= Action item =
Only the lines from the one with "Invitan al Rodeo" to the end of the listing below should be set down, exactly as written and without any pictures.

= Given information =
▬▬▬
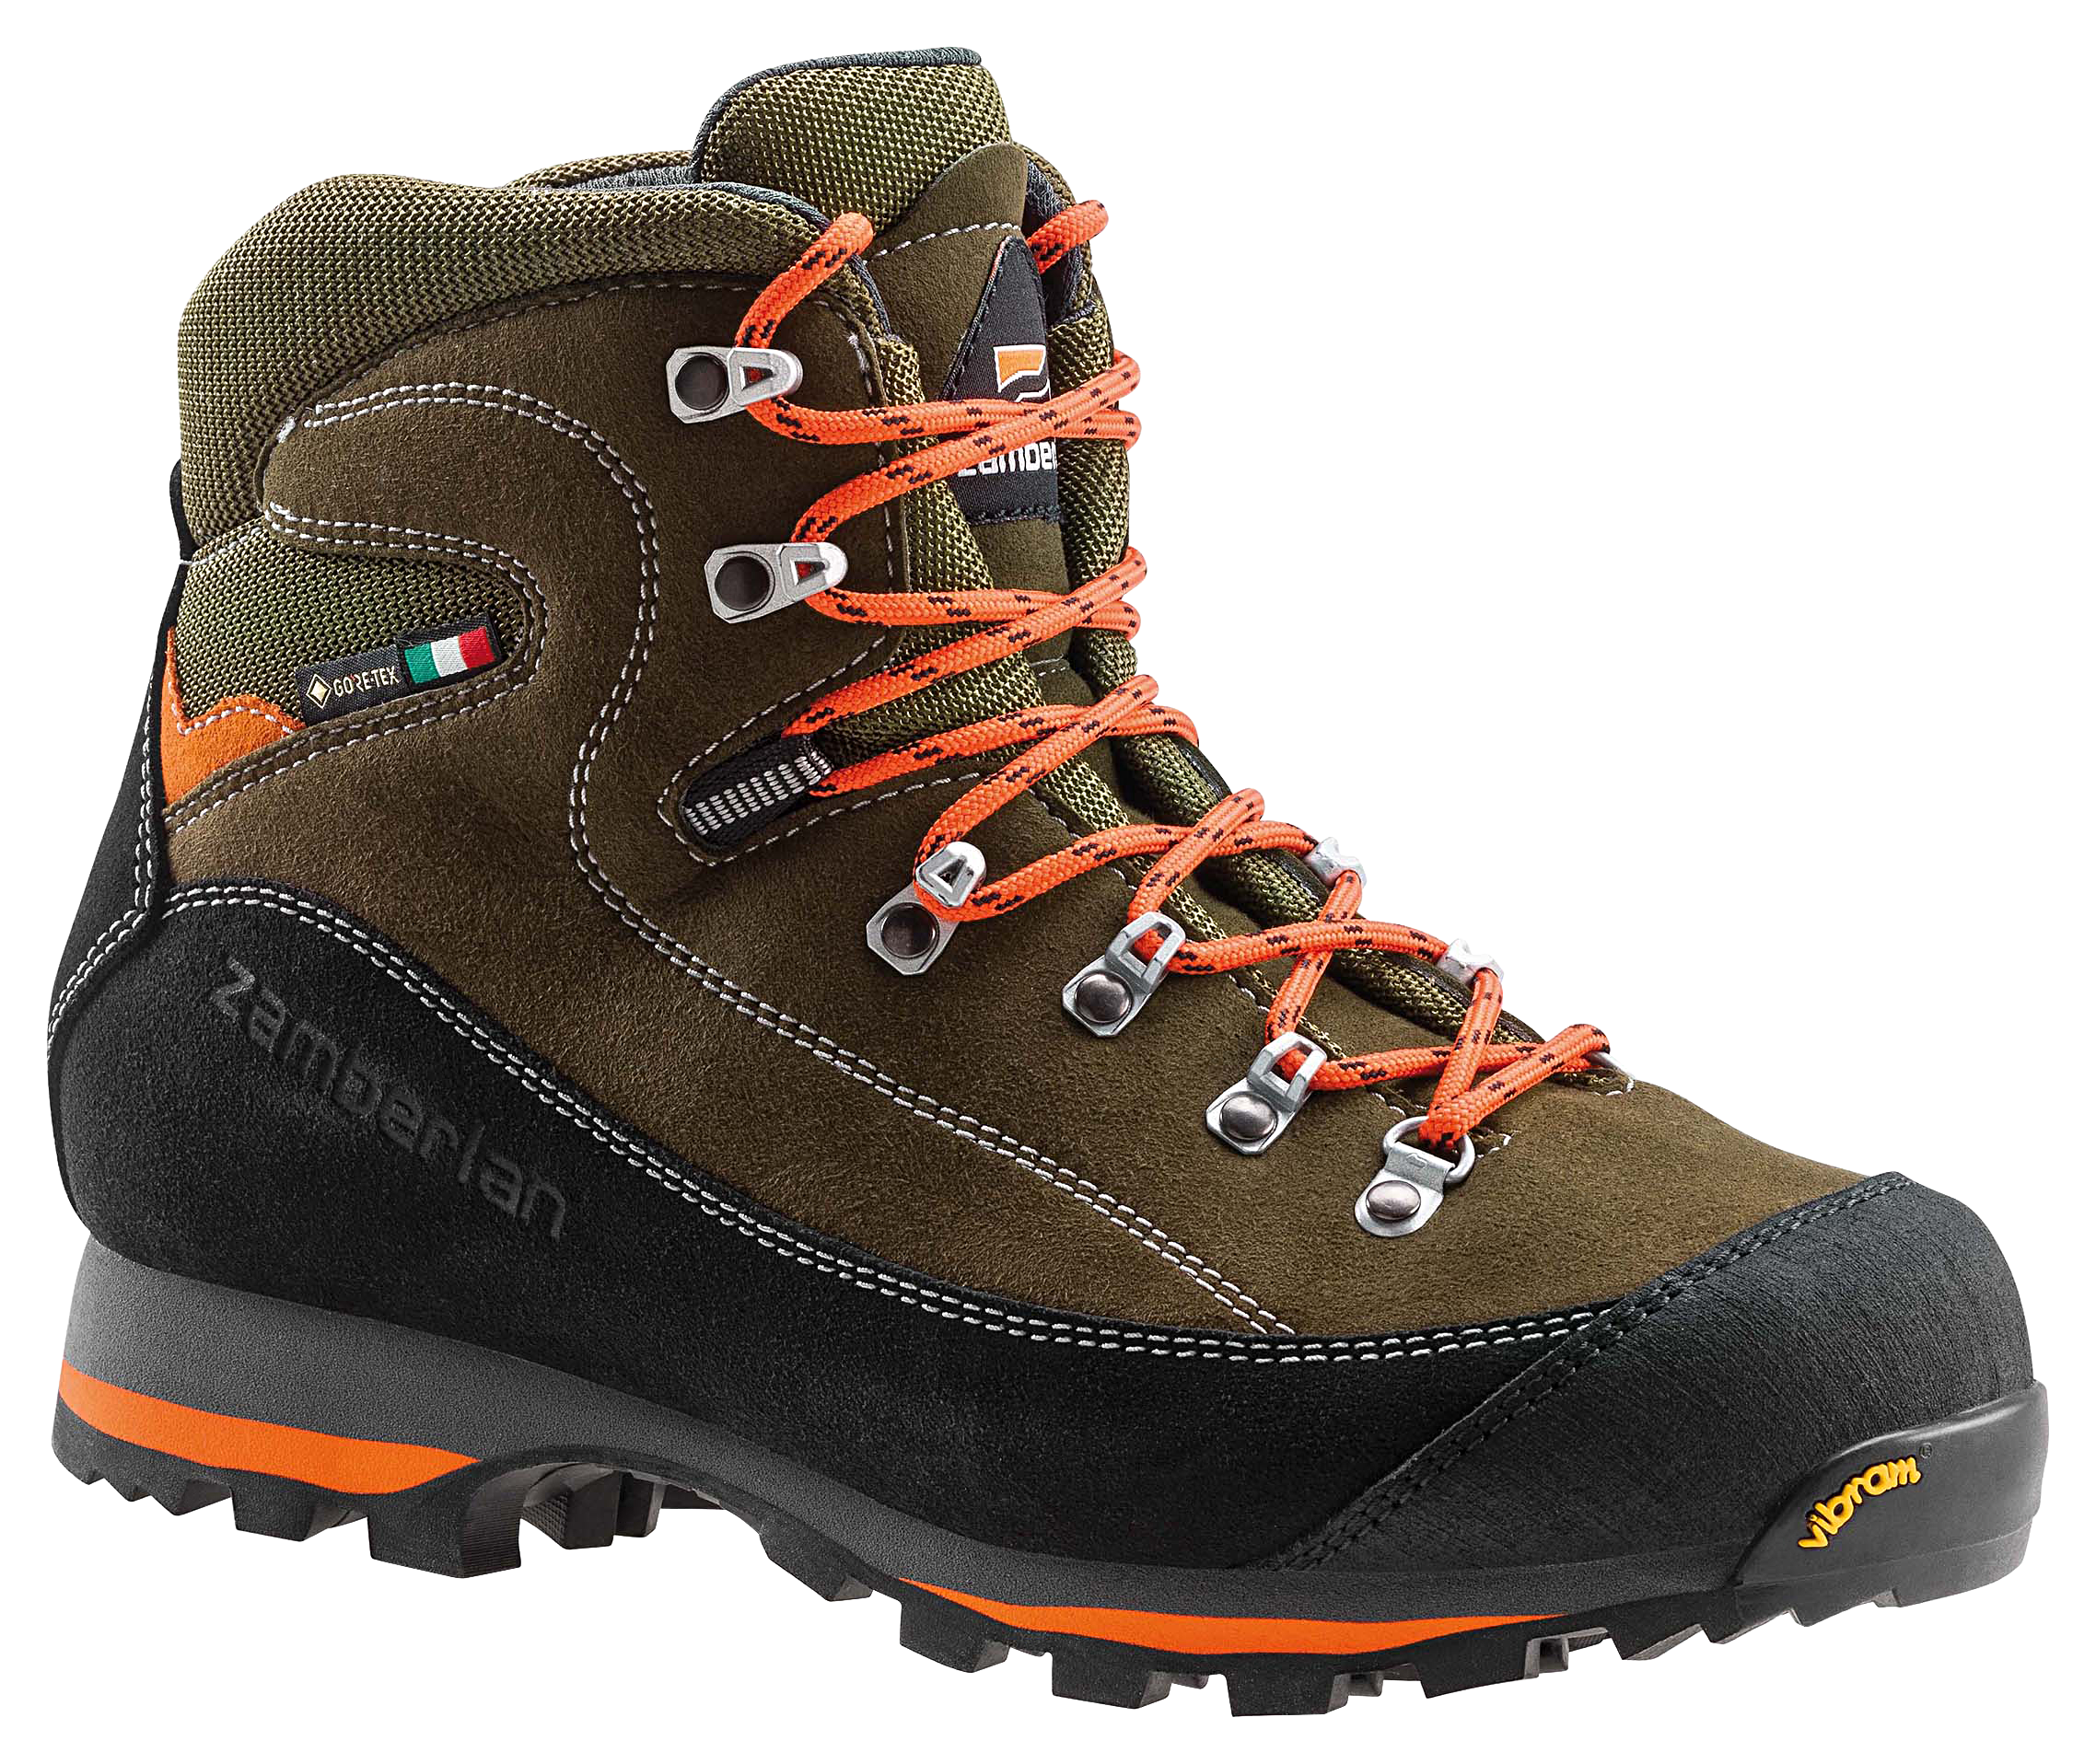 Zamberlan 700 Sierra GTX Waterproof Hunting Boots for Men - Forest - 8.5M
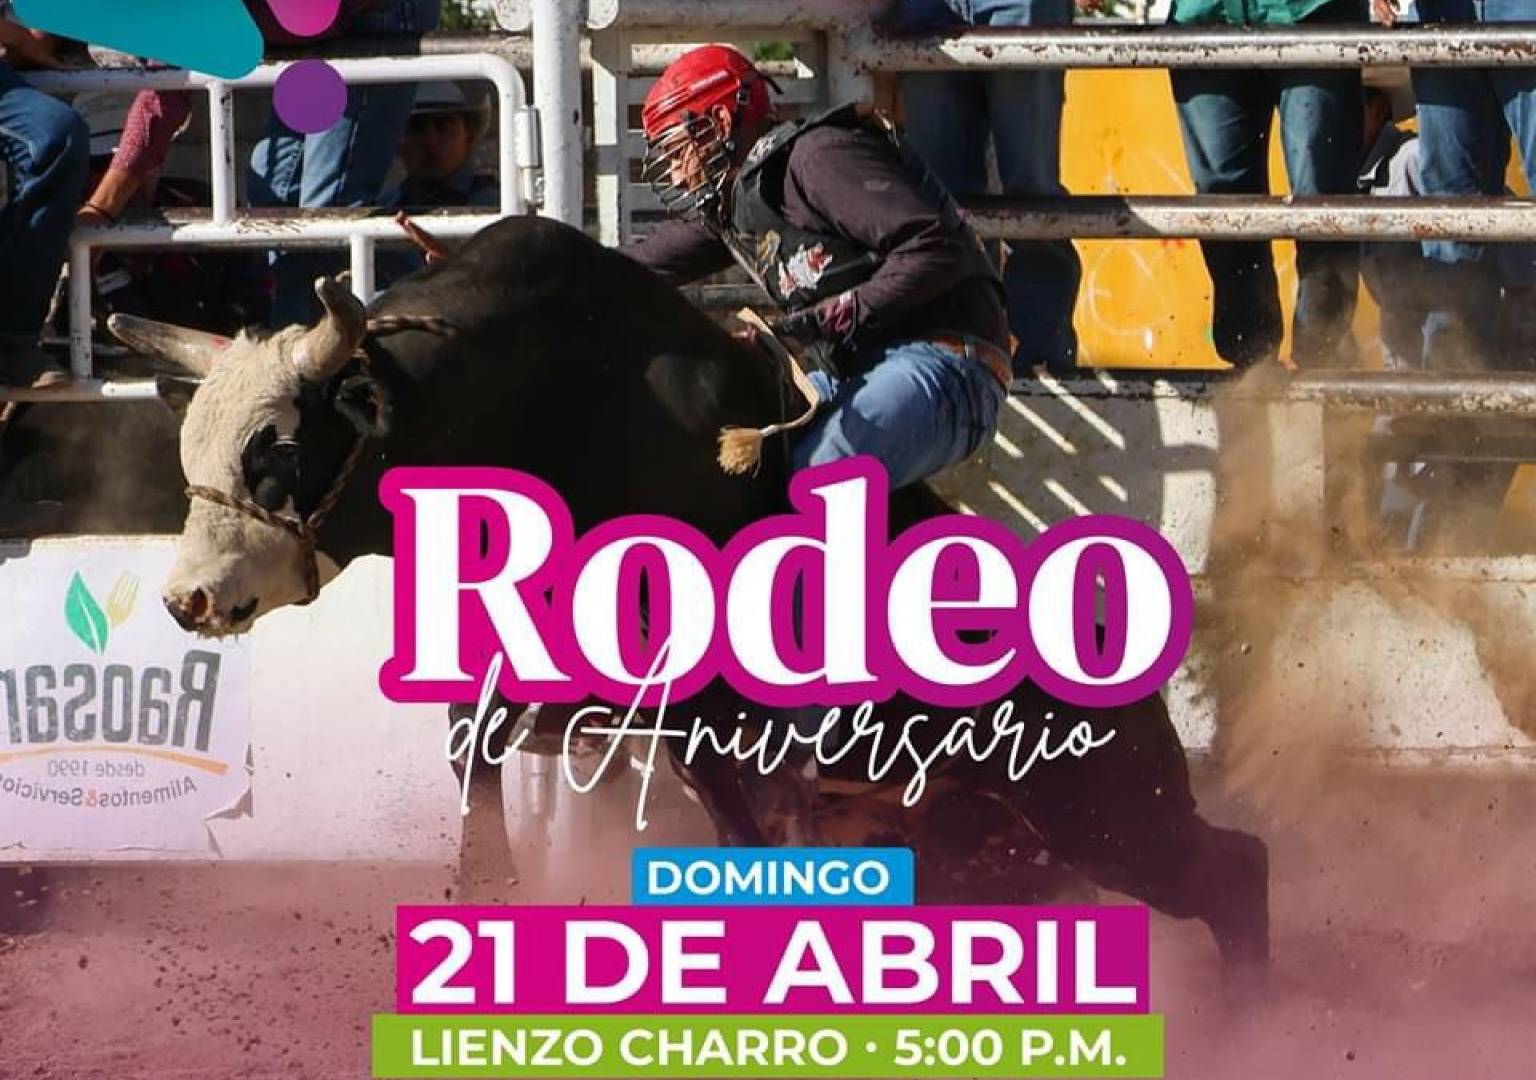 Invitan al Rodeo de Aniversario esta tarde de domingo en el Lienzo Charro  
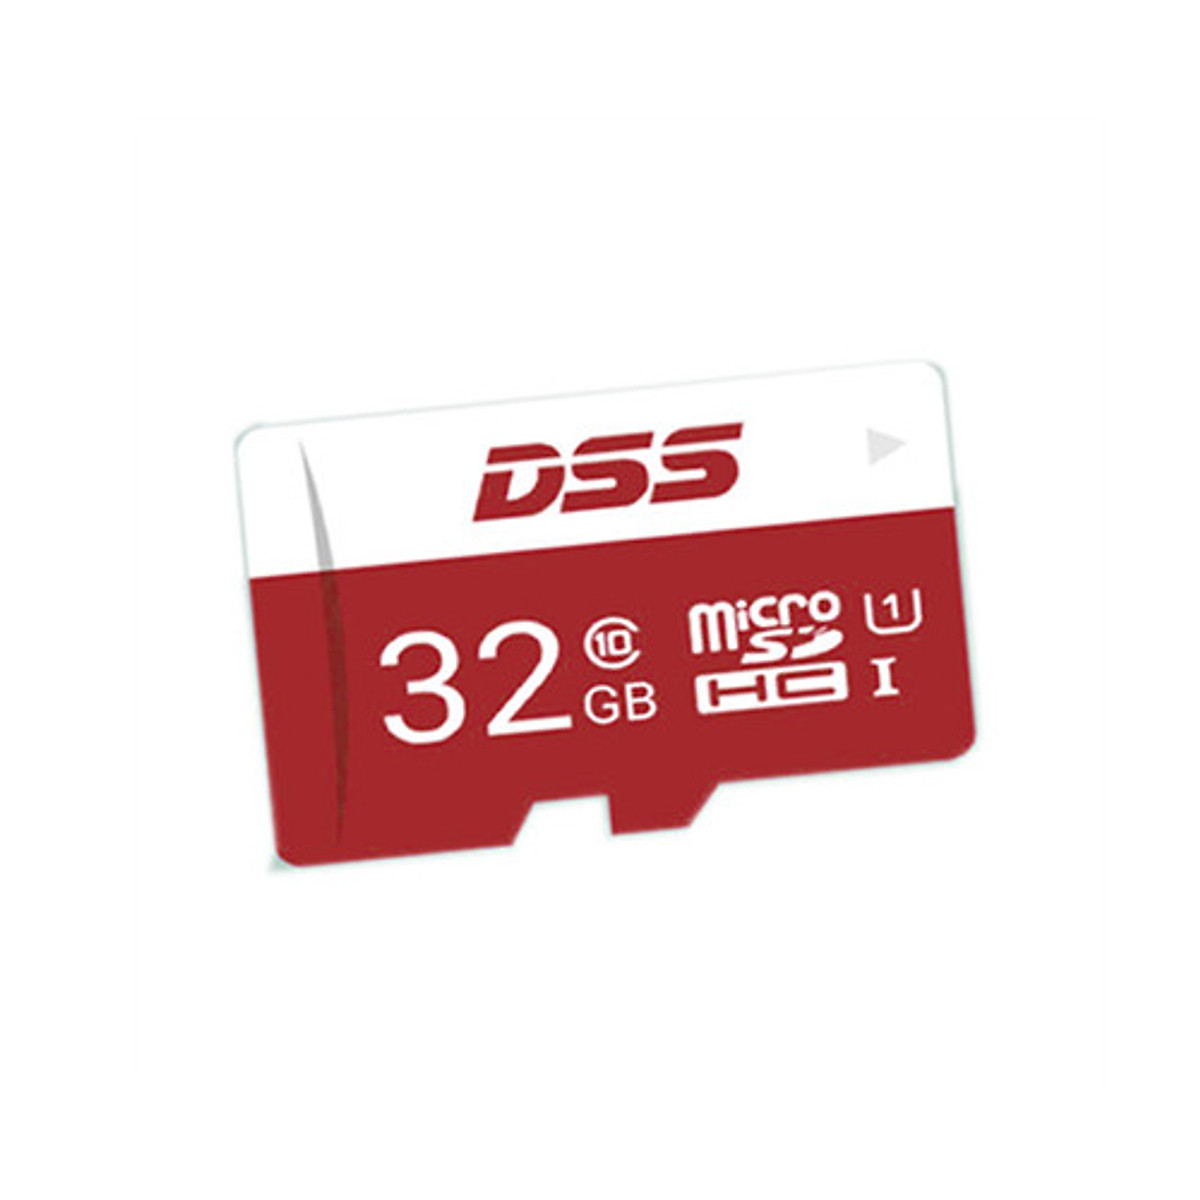 Thẻ Nhớ MicroSD DSS 32Gb Class 10 (Thẻ Chuyên Dụng Cho Camera, Điện Thoại) - Hàng Chính Hãng
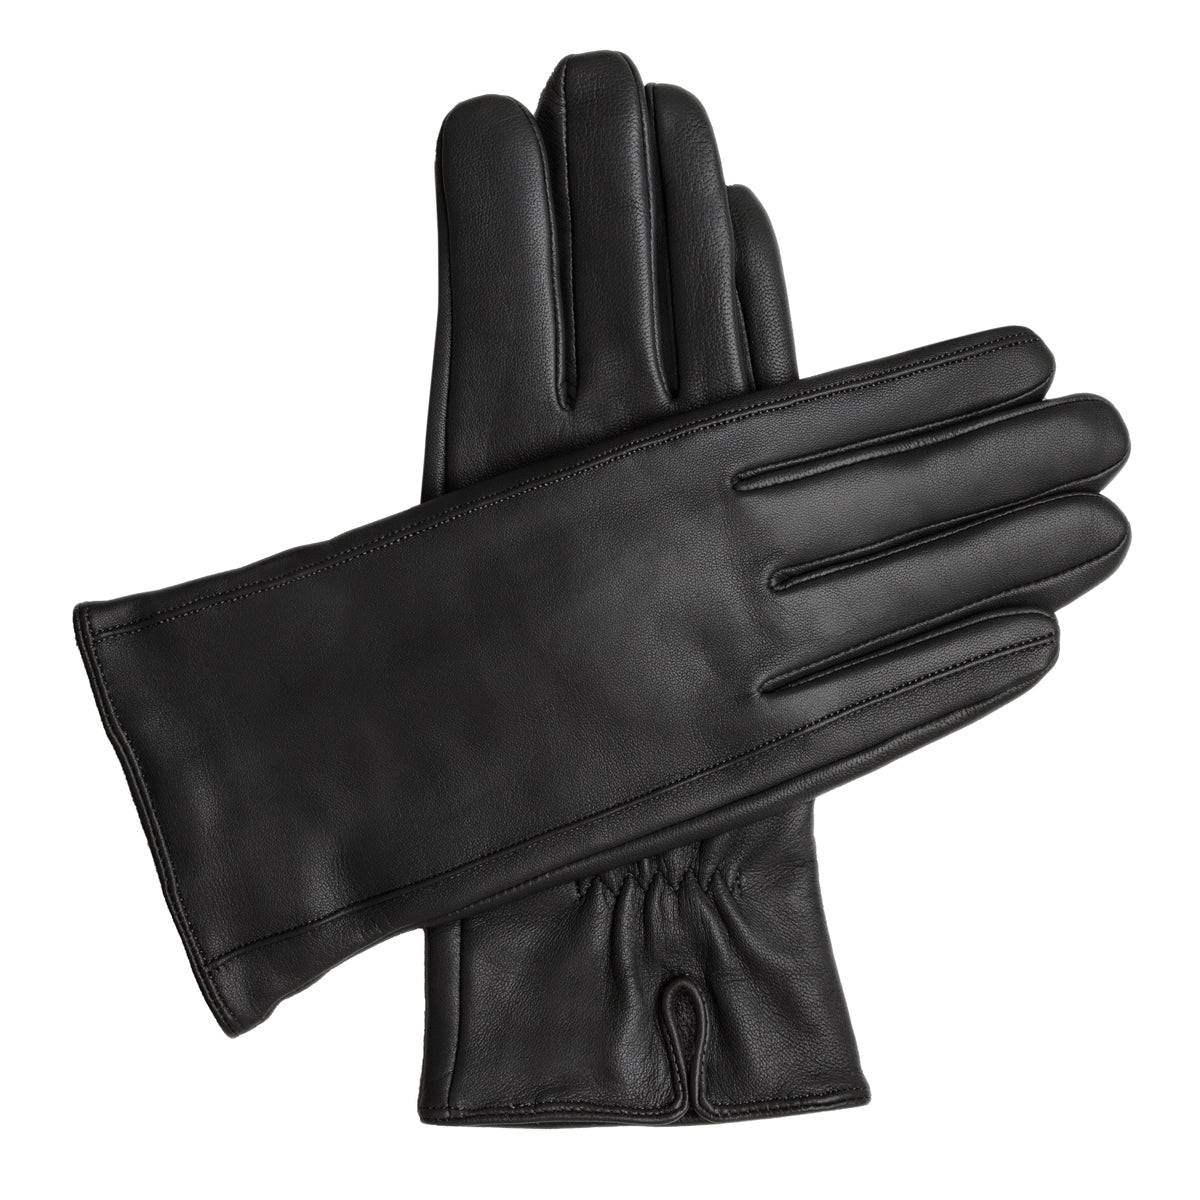 Women's Vegan Leather Gloves - Black, DH-VLW-BLKS, DH-VLW-BLKM, DH-VLW-BLKL, DH-VLW-BLKXL
▬▬▬
= Solution to the exercise =
 Invitan al Rodeo de Aniversario esta tarde de domingo en el Lienzo Charro  
 Thẻ Nhớ MicroSD DSS 32Gb Class 10 (Thẻ Chuyên Dụng Cho Camera, Điện Thoại) - Hàng Chính Hãng
 Women's Vegan Leather Gloves - Black, DH-VLW-BLKS, DH-VLW-BLKM, DH-VLW-BLKL, DH-VLW-BLKXL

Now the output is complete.